Position Bias in Scoring

  • Items that appear lower on the screen are less likely to be clicked than items appearing higher on the screen. However, when scoring videos, the system usually doesn’t know where on the screen a link to that video will ultimately appear.
  • Querying the model with all possible positions is too expensive. Even if querying multiple positions were feasible, the system still might not find a consistent ranking across multiple ranking scores as can be seen in the image below (source)

  • For a more detailed analysis on positional bias, navigate here

YouTube ranking

  • The YouTube ranking architecture (source) is depicted in the architecture below.

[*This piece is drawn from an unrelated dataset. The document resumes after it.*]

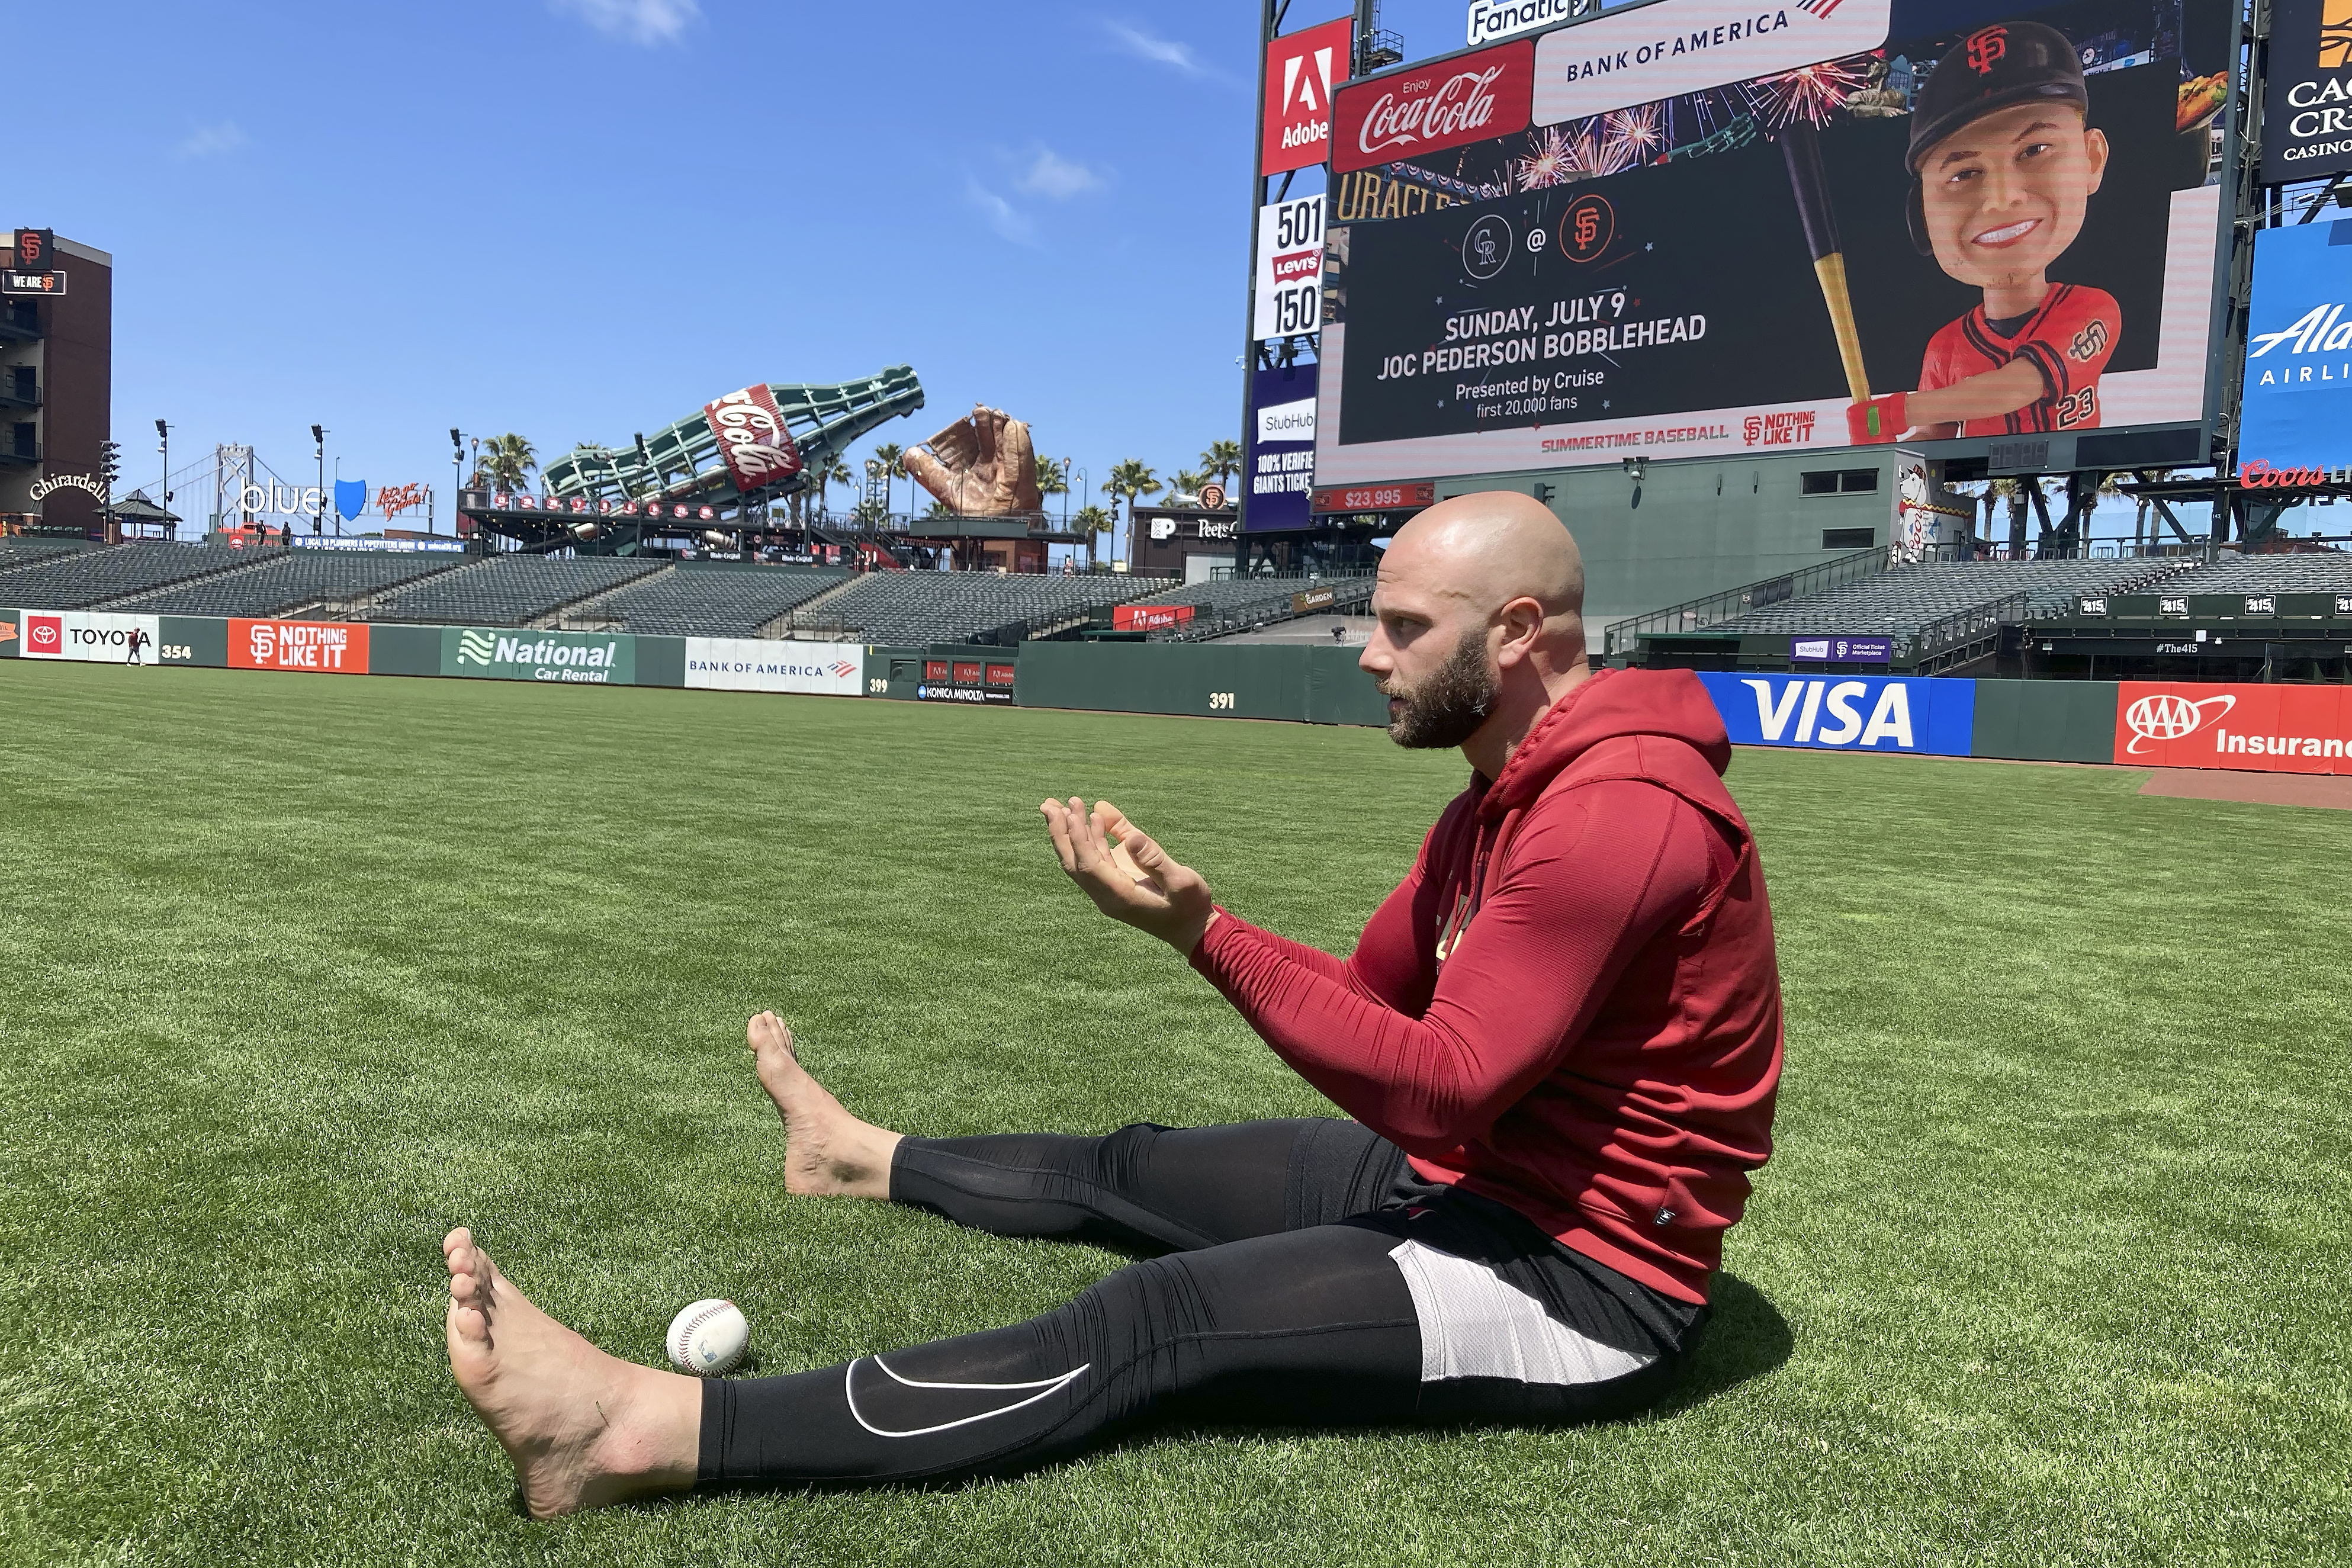 How barefoot walks, mindfulness made Giants' Joc Pederson an All

  • Now at this stage, we are ranking about 100 videos and the input to the architecture is a pair of user+video embedding.
  • During training, it leverages a weighted logistic regression model which will give you a score between 0 or 1 and that will be the ranking.
  • The different user + video features that go into the model are previous impressions, time since last watch, user and video language.
  • It passes through feed forward network with ReLU activation as well.
  • Note, this architecture takes in 1 video and 1 user at one time and iterates this over all candidates but you could have multiple servers running this in parallel.